10/02/2015

New Instrument Provides Breakthrough in Cloud Microphysics

Summary

In the atmosphere as clouds form, grow, and dissipate, they mix with the air around them. This mixing of the water-saturated air inside the clouds with the drier air outside the clouds impacts the size and number of cloud droplets. The details of this mixing process, however, have been a source of controversy in the cloud microphysics community for decades. Two theories have been developed to describe how clouds mix with the environment: (1) homogeneous mixing, in which all droplets evaporate a little bit until the air becomes saturated; and (2) inhomogeneous mixing, in which some water droplets evaporate completely while others are unchanged.

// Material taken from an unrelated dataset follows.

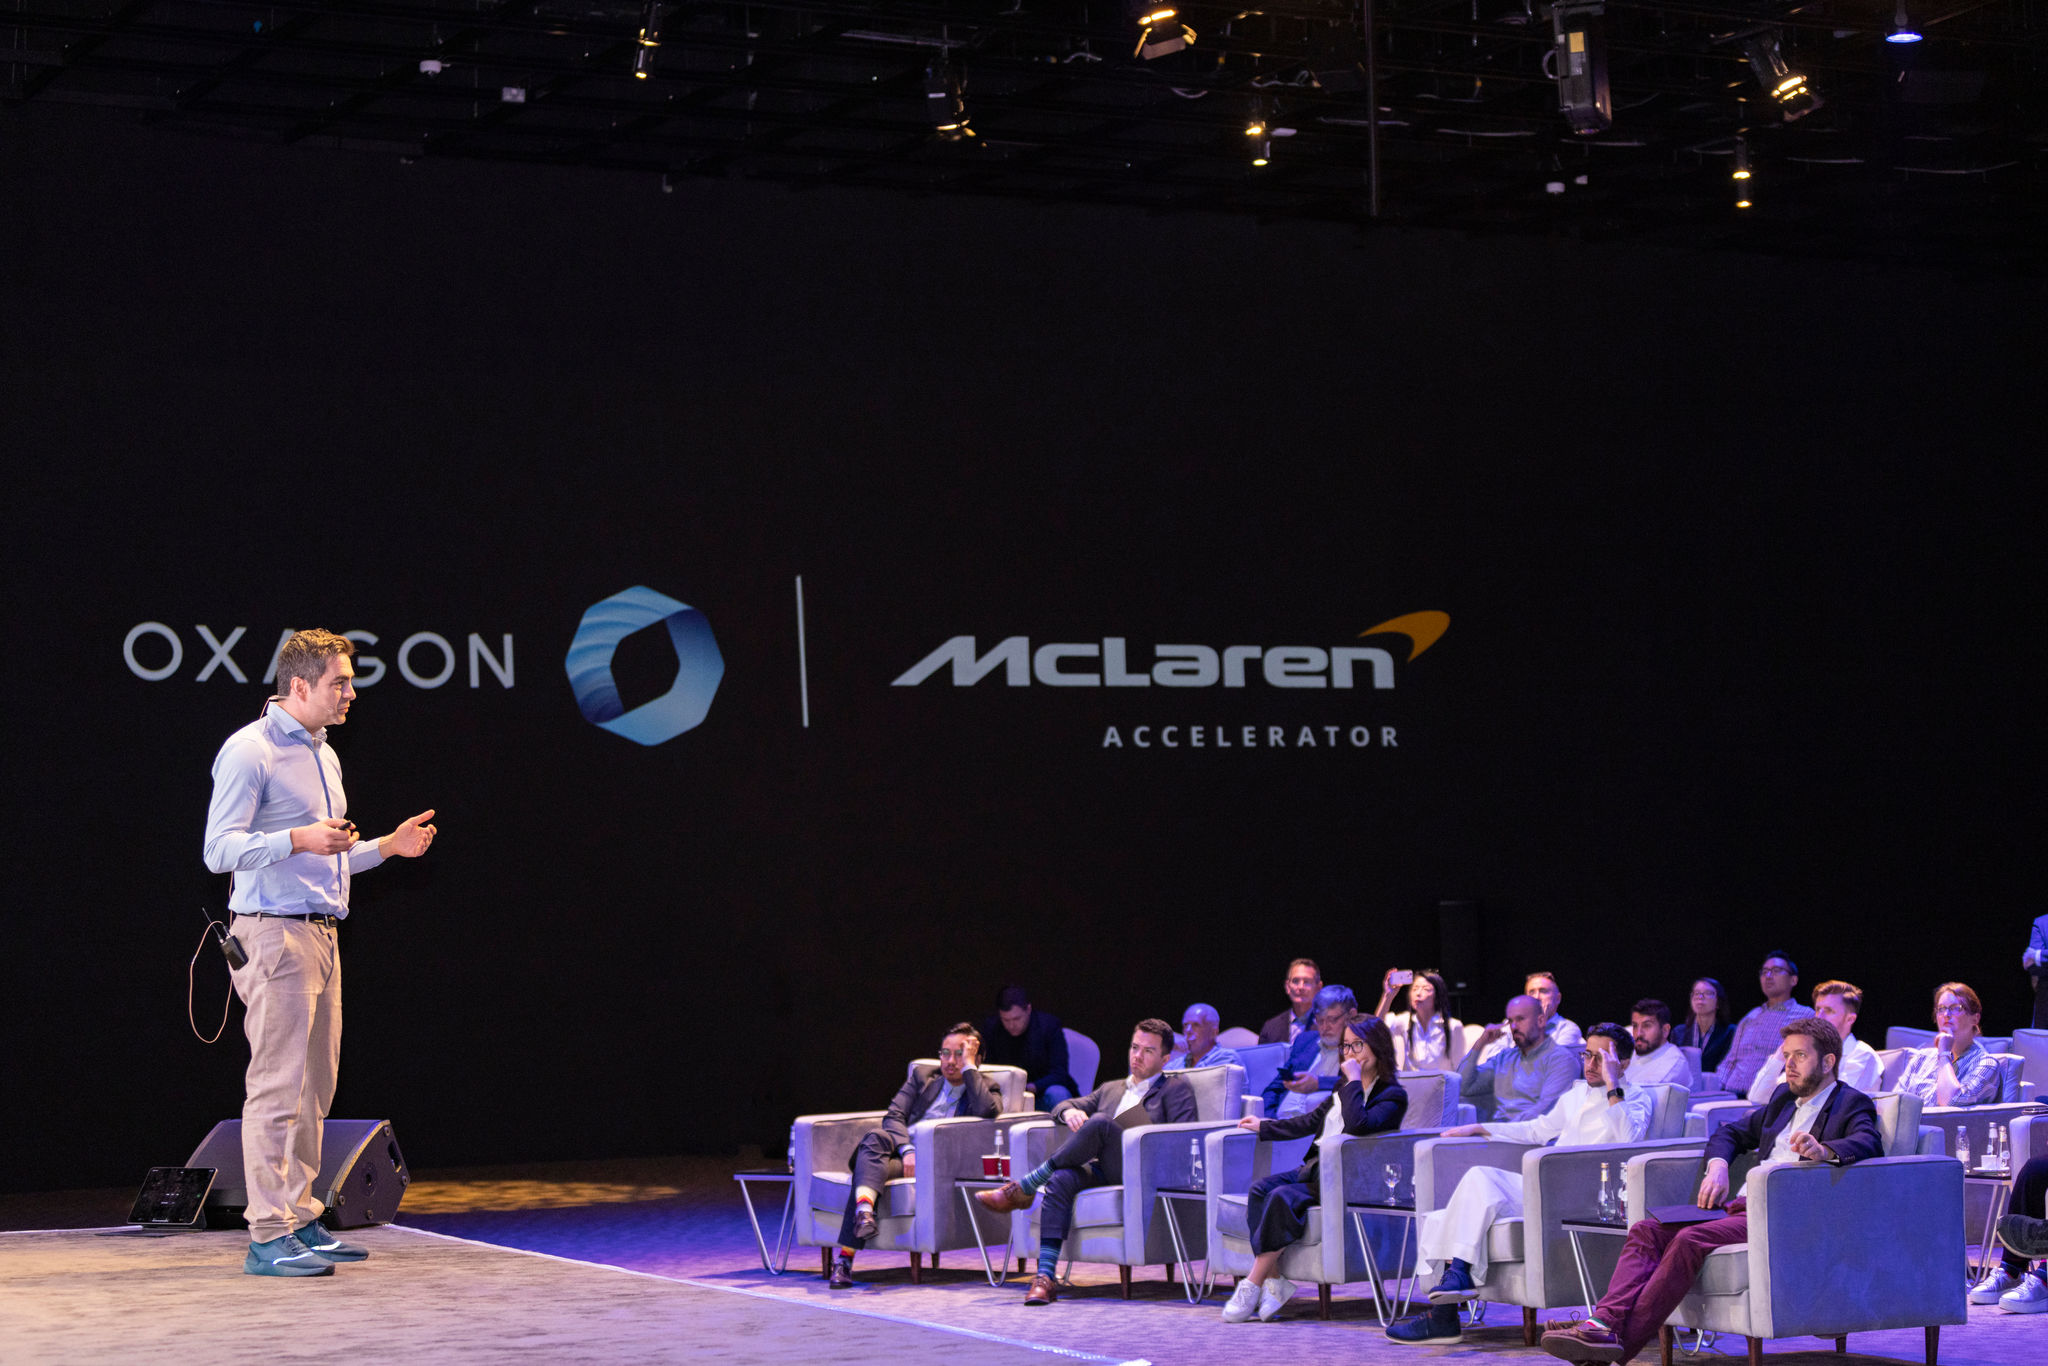 Площадка Oxagon x McLaren Accelerator в Эр-Рияде, где участники могут предлагать новые идеи инвесторам и компаниям

In a recent study, researchers present in-cloud observations from a new instrument that finally settle the matter. The new instrument, Holographic Detector for Clouds (HOLODEC), was developed in part with support from the Atmospheric Radiation Measurement (ARM) Climate Research Facility. The HOLODEC takes detailed three-dimensional images of cloud droplets during aircraft flights, enabling the measurement of both the sizes and spatial distribution of cloud droplets within clouds at unprecedented scales. The holographic measurements show that in cumulus clouds, the data are in strong agreement with the inhomogeneous mixing hypothesis.  The droplet size distributions show large changes in number density as drier air mixes with the cloudy air, but a nearly unchanging mean droplet diameter. Essentially, clouds have distinct edges down to the centimeter scale. This result is important for correctly representing cloud microphysical processes within numerical weather and climate models, because the same amount of water divided into many small drops or a few large drops has very different optical properties.  The differences affect how much sunlight is reflected by clouds, as well as other aspects of the cloud development and lifecycle, such as precipitation development.

References

Beals, M. J., J. P. Fugal, R. A. Shaw, J. Lu, S. M. Spuler, and J. L. Stith. 2015. “Holographic Measurements of Inhomogeneous Cloud Mixing at the Centimeter Scale,” Science 350(6256), 87–90. DOI: 10.1126/science.aab0751.